▶ [What you will do]:
Without the pictures, output all of the data exactly.

▶ [Dataset extract]:
● ● ● ●
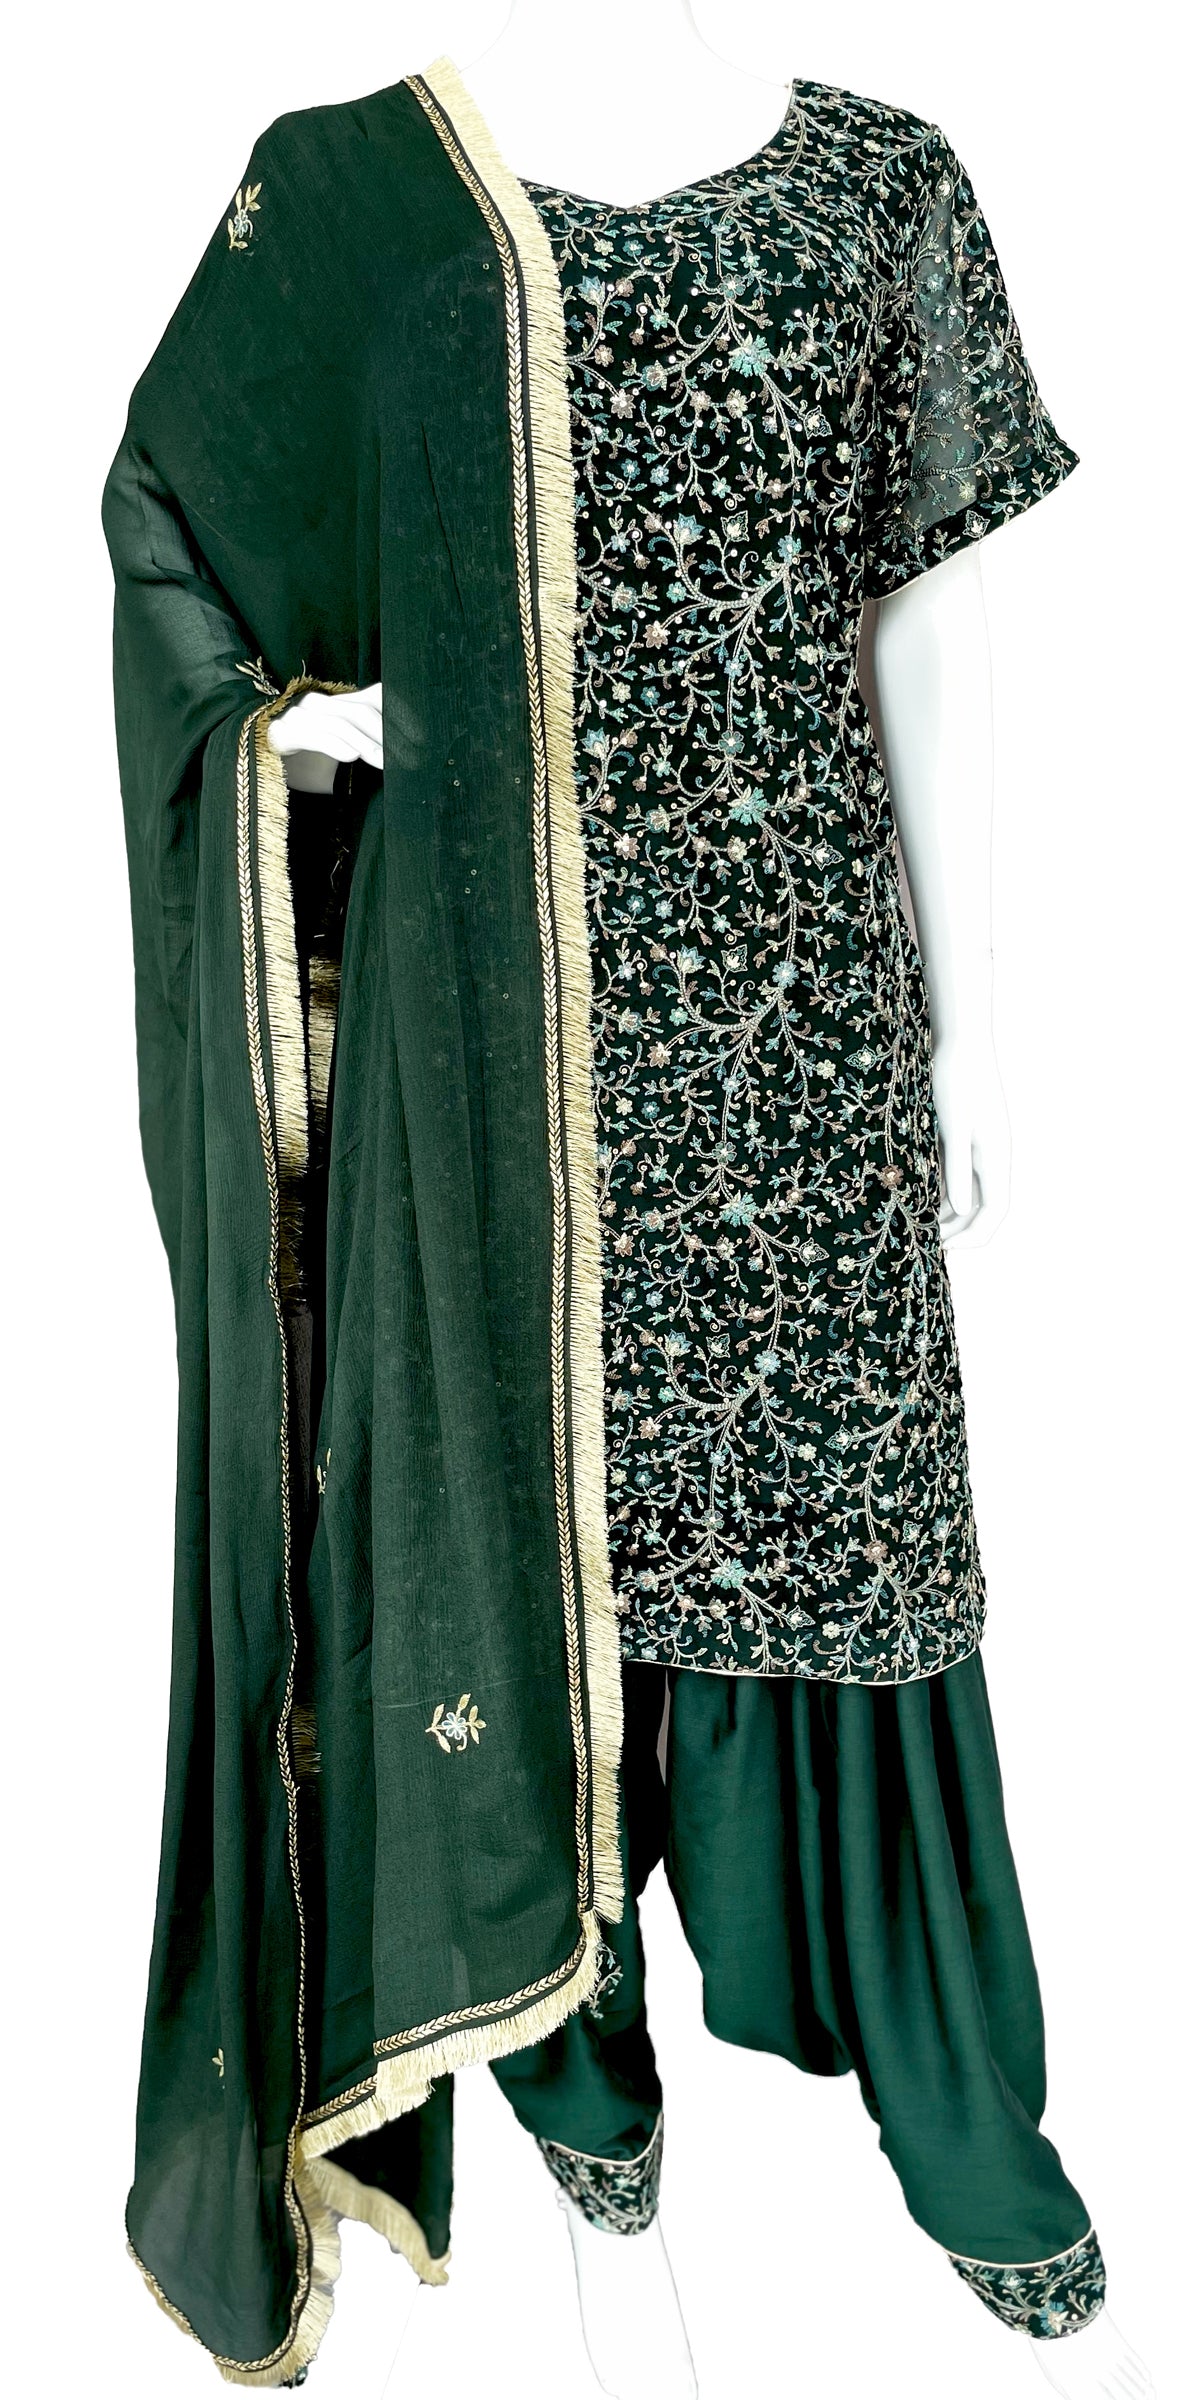 Bottle Green Patiala salwar Muslin suit, Kashmiri Embroidered Kurta, Wedding wear, Mehendi Wear Suit, Gift for her, Punjabi Suit, Handmade
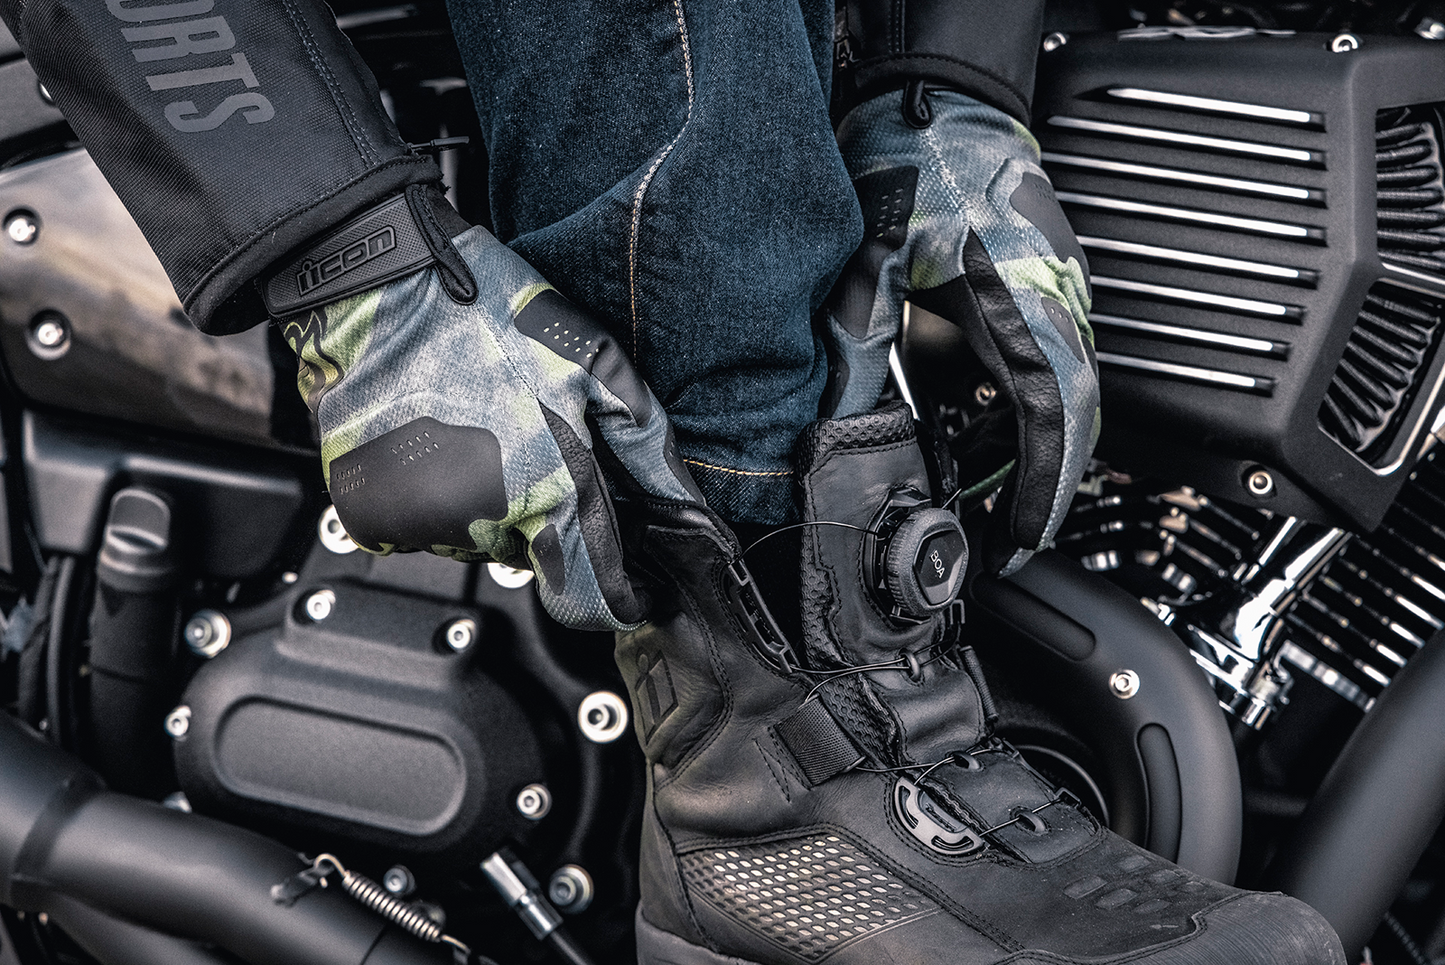 ICON Stormhawk Boots - Black - Size 8 3403-1150
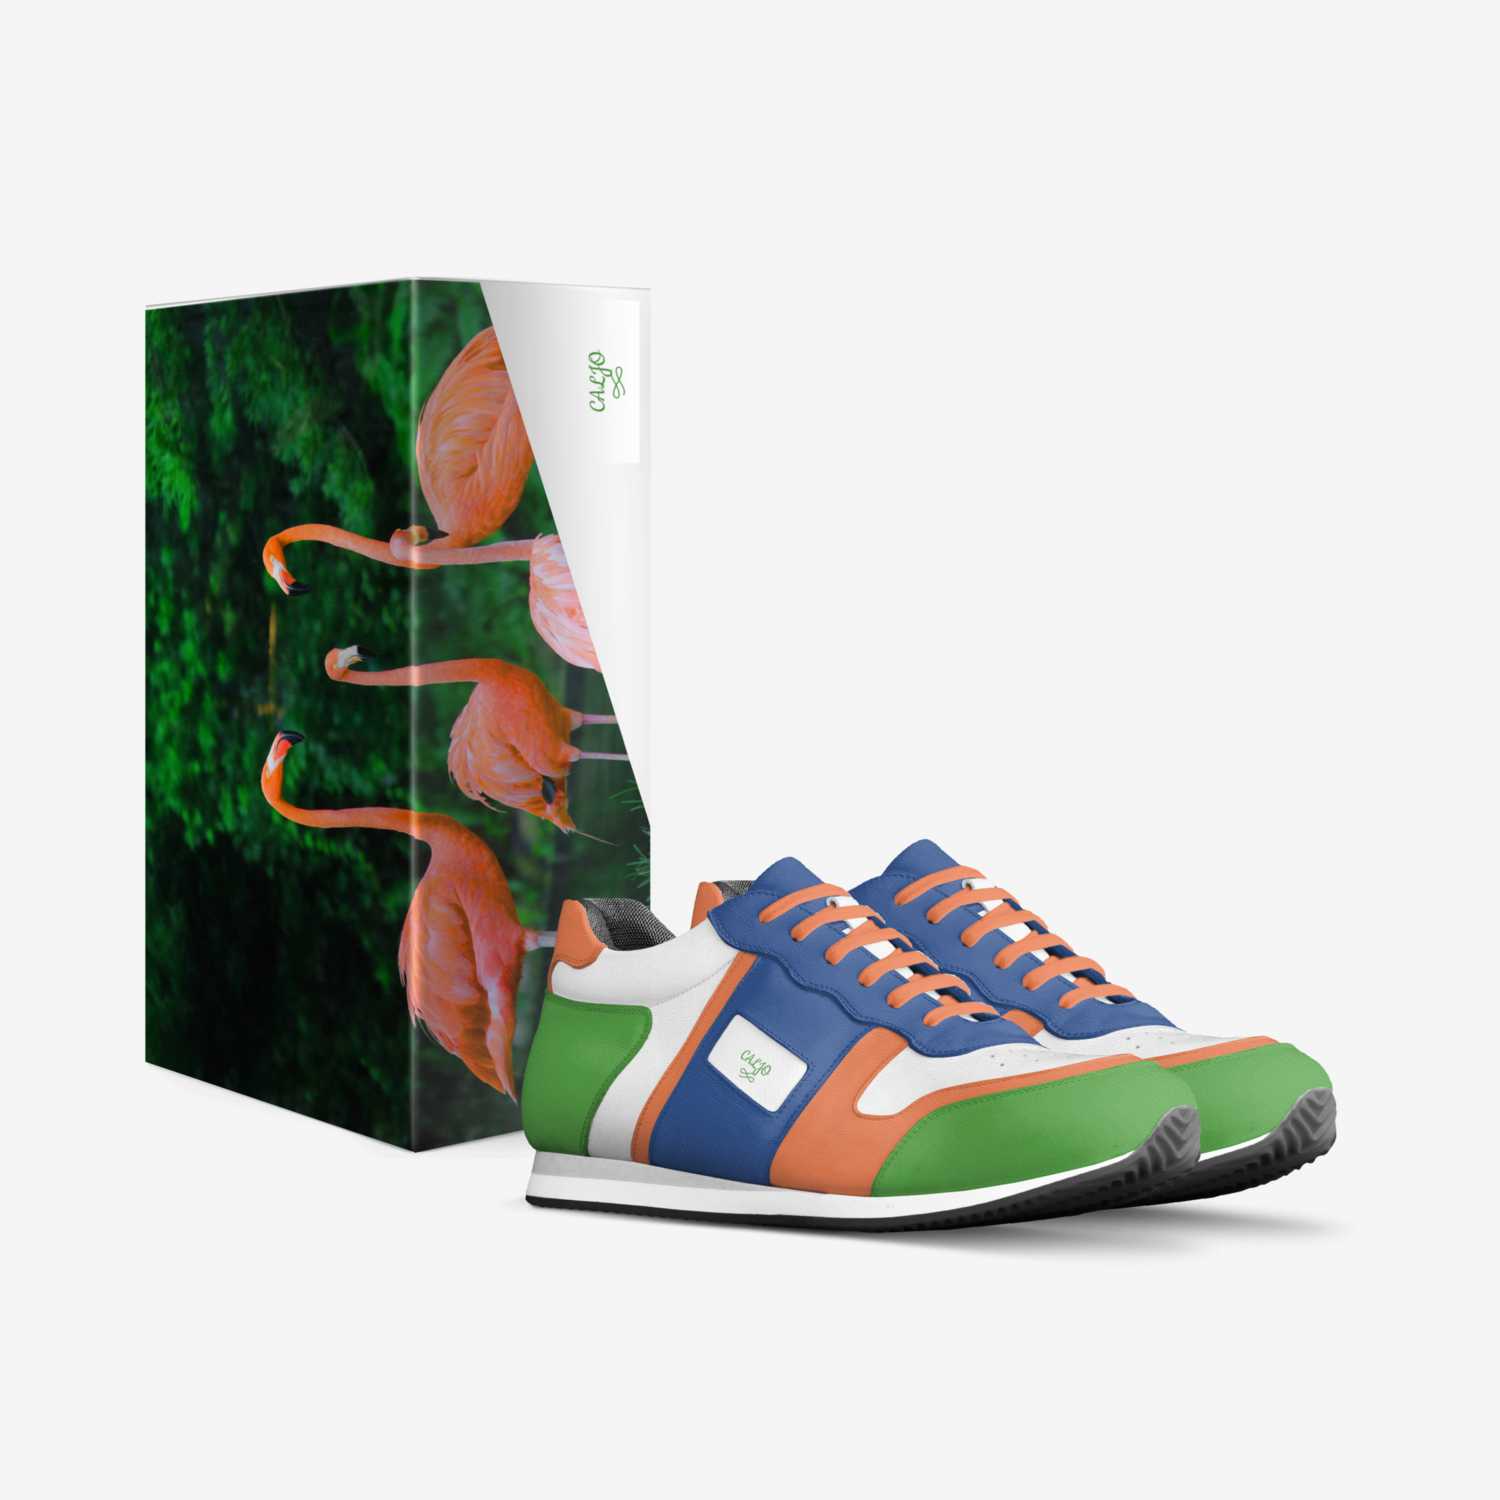 CALJO custom made in Italy shoes by Calvin Johnson | Box view
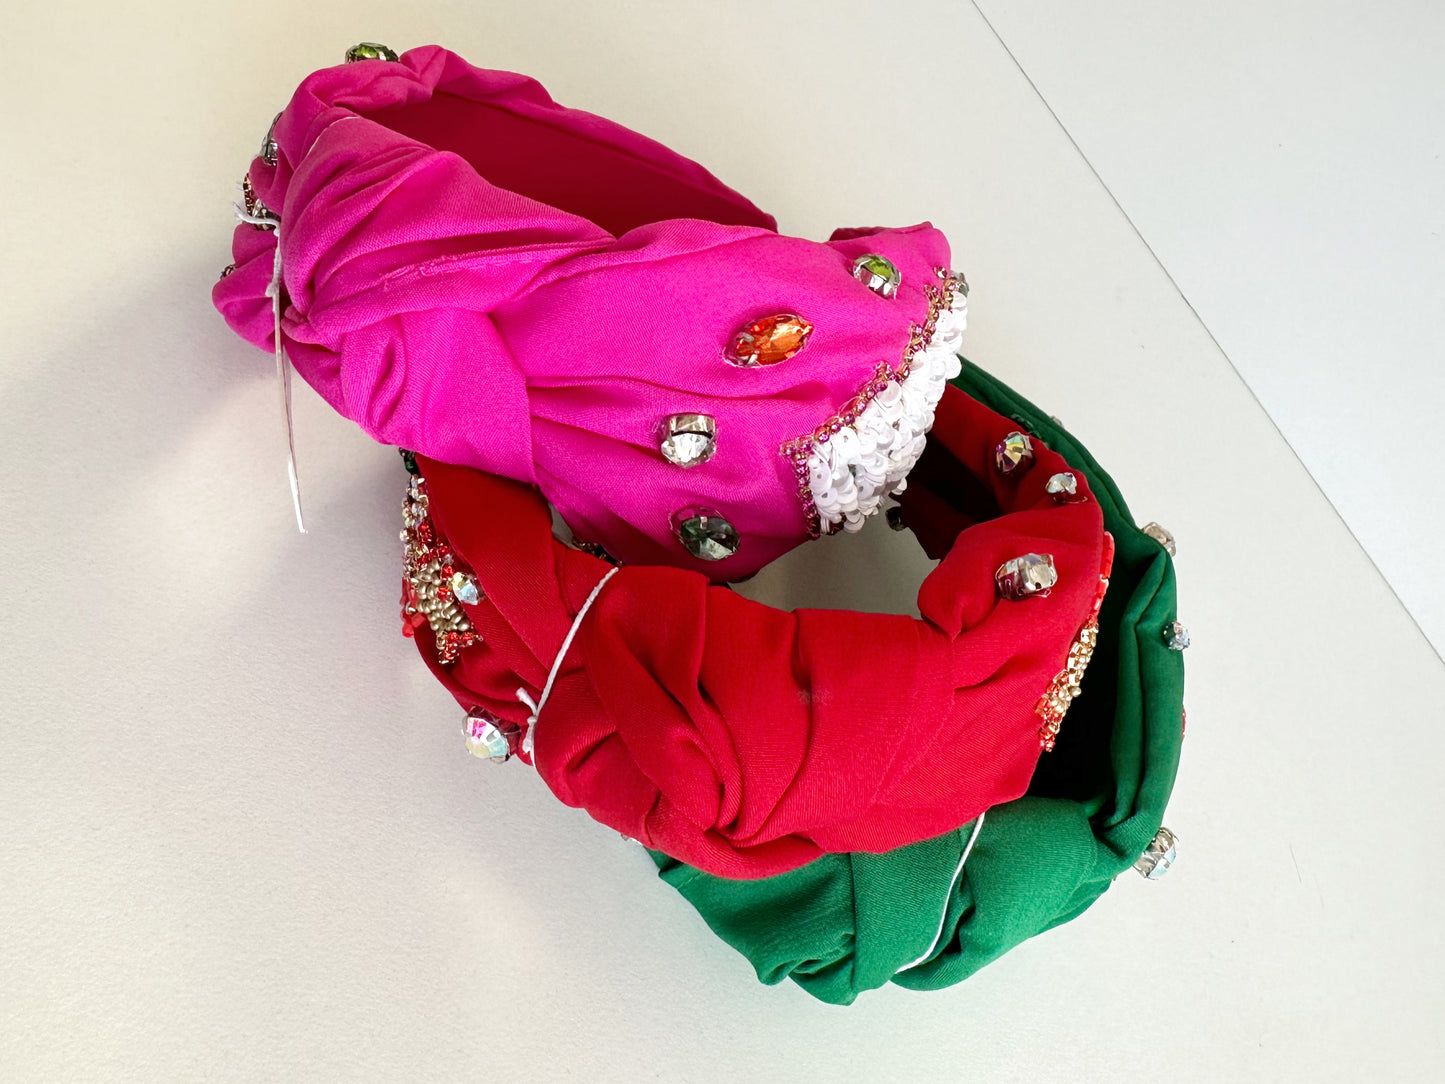 Jeweled Christmas tree headband pink
● ● ● ●
▶ [Result of this exercise]:
 Bottle Green Patiala salwar Muslin suit, Kashmiri Embroidered Kurta, Wedding wear, Mehendi Wear Suit, Gift for her, Punjabi Suit, Handmade
 ICON Stormhawk Boots - Black - Size 8 3403-1150
 CALJO custom made in Italy shoes by Calvin Johnson | Box view
 Jeweled Christmas tree headband pink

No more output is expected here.